He shrugged. “Got me there. I'd say they don't, now that I think on it. I'd say they ship 'em out where birds are scarce. For them that work in the mines and such. You know what? I never gave it much thought. Once I sell 'em they're nothing to me, and it's hop a plane and Hello, Picadilly! with a purse full of the ready.”

I sat beside him, my mind quite numb, while he added details. I nodded at the right places, put in the right questions, and tried to convince myself that all of this was really happening. I glanced from time to time at his index finger on the floor. It looked like one of those plastic things they sell in novelty shops along with rubber dog shit and dribble glasses. It wasn't real, and neither was anything else.

He'd never had trouble with the girls until this last trip, he told me. Then two of them got wind of something, Phaedra and a farm girl from the Midlands, and in Baghdad he caught them trying to escape to the British Embassy. “Had to drug them and keep them in a fog the rest of the way. Told the others they were sick with a fever. Cost me a few quid that way, bribing the hacks at the borders. But the rest never did catch on.”

I pumped him for more details about Amanullah and how he could be located. Finally it got through to him that I actually wanted to go to Afghanistan and get Phaedra back. I think this shocked him more than the loss of the finger. All along he had thought that I wanted to muscle in on his racket.

“You must be crackers,” he said. “You'd never find
her, and they'd never let you have her. She's been sold, don't you see? Oh, you might buy her back, but after a few months of that life, why, what would she be good for? They don't last long there, you see. That's why they've got a steady need for fresh birds—”

I thought of Phaedra, my little Phaedra, Mama Horowitz's Deborah. Sweet, virginal Phaedra, who lived with me for a month and emerged intact. It's not logical just to save yourself, I had told her once. You have to be saving yourself
for
something.

And what had my Phaedra saved herself for? A whorehouse in Afghanistan?

I stood up.
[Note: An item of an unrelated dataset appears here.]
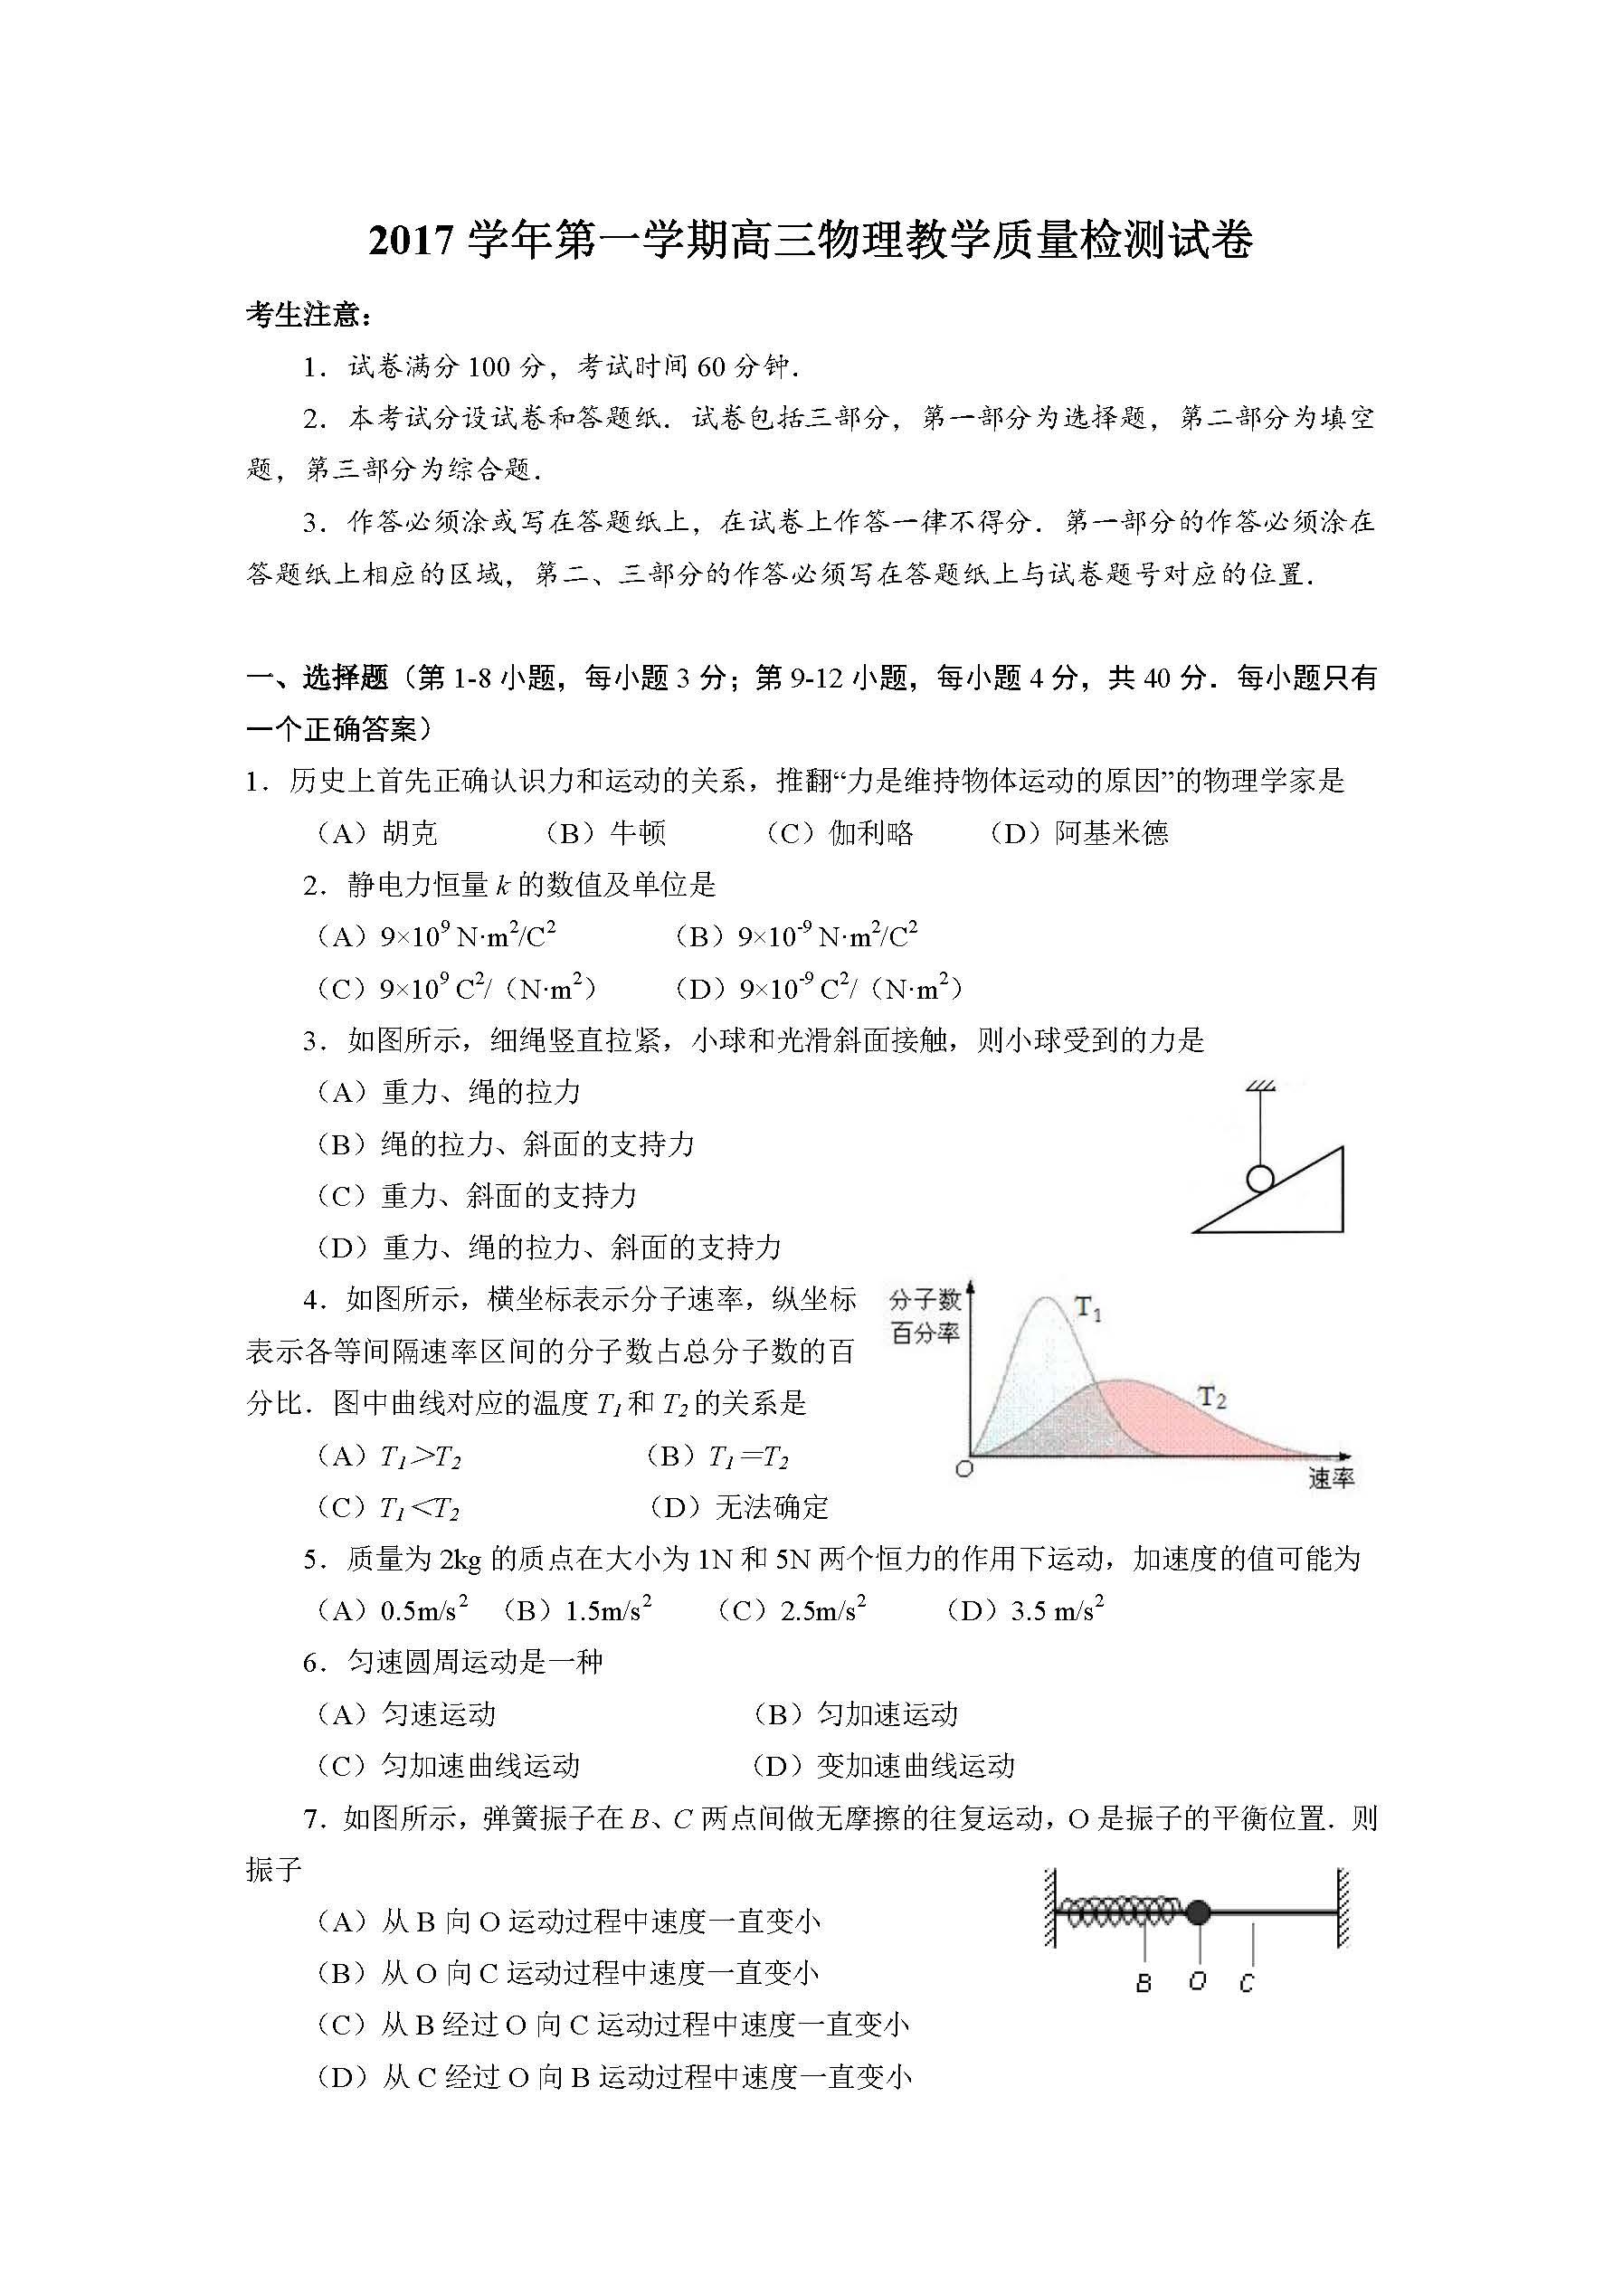 2018上海长宁区高三一模物理试卷及答案

Hyphen—I still didn't know his name, or much care—was saying something. I had stopped listening. I found the square of adhesive tape and slapped it in place across his horrible mouth.

Julia was in the bedroom. She was pressed up against the far wall, her arms across her chest, hugging herself and silently shaking. She looked like certain pictures of Anne Frank.

“Did you hear any of that?”

She nodded.

“I want you to go into the hallway now. I want to be certain that there's no one around when I walk out of here. Go out and close the door. I'll be ready in a moment or two, and I'll knock on the door. If it's all clear, return the knock and I'll come out.”

She nodded again, rigidly, then grabbed up her purse and walked straight to the front room and out the door without looking at him. I went over to him and picked up the cleaver, but it was no good. I took it to the kitchen and exchanged it for a more pointed knife.

He didn't like the looks of it at all.

I spent a few unintentionally brutal seconds standing there trying to think of something to say, but there was no way to say it and no reason to try. So I put the knife in his heart, and took it out, and put it back a second time and left it there.

A
fghanistan consists of
a quarter of a million square miles of mountainous terrain bordered on the west by Iran, on the south and east by Pakistan, and on the north by the Turkmen, Uzbek and Tadzhik Soviet Socialist Republics. The population is slightly in excess of fifteen million, a thirtieth of whom live in greater Kabul. The monetary unit is the afghani. Major languages are Afghan and Persian. The chief religion is Islam. Camels and sheep constitute the most important livestock. There is some gold mined in the extreme northeast in the Hindu Kush, in which area is located the highest peak in the nation, which rises 24,556 feet above sea level. Substantial amounts of coal and iron are also to be found here and there. Major rivers include—

If you care, you might check out Hammond's Medallion Atlas, which was my own source for all of the above information. Nigel had a copy, and I divided my time that night between it and the coal fire, which was not throwing as much heat as I thought it should.

By midnight, both Nigel and Julia had gone off to bed. Our conversation until then was forced and uncomfortable. No one much wanted to discuss what had
gone on at the Old Compton Street flat, and it was difficult to put one's mind to anything else, but we did make a pretense of talking over the barbarous notion of white slavery and the possible course of action I might take.

The former topic was limited to lines like, “Imagine that sort of thing in the twentieth century,” and so on. I didn't find it all that hard to imagine, but then I'm not all that thrilled with the twentieth century, which may explain my feelings. The latter subject, just what to do about it, kept running into conversational dead ends. As far as I could see, there was only one thing to do. I had to go to Afghanistan, find Phaedra, and lead her Mosaically out of the house of bondage. I didn't imagine this would be a simple matter, but neither did I see how discussing it could render it a whit less difficult.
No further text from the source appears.